> **Work item**:
Could you return all of the records exactly as they stand?

> **Record set**:
——
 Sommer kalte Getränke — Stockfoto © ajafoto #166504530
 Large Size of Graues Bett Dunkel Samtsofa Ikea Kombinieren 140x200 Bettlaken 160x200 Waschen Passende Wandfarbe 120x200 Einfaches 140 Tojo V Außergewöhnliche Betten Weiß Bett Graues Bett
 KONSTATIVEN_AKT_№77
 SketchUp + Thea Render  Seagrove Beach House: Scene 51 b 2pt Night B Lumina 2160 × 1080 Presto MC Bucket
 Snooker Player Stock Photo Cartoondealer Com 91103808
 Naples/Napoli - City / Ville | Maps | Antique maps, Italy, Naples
——
> **Answer to this exercise**:
 Sommer kalte Getränke — Stockfoto © ajafoto #166504530
 Large Size of Graues Bett Dunkel Samtsofa Ikea Kombinieren 140x200 Bettlaken 160x200 Waschen Passende Wandfarbe 120x200 Einfaches 140 Tojo V Außergewöhnliche Betten Weiß Bett Graues Bett
 KONSTATIVEN_AKT_№77
 SketchUp + Thea Render  Seagrove Beach House: Scene 51 b 2pt Night B Lumina 2160 × 1080 Presto MC Bucket
 Snooker Player Stock Photo Cartoondealer Com 91103808
 Naples/Napoli - City / Ville | Maps | Antique maps, Italy, Naples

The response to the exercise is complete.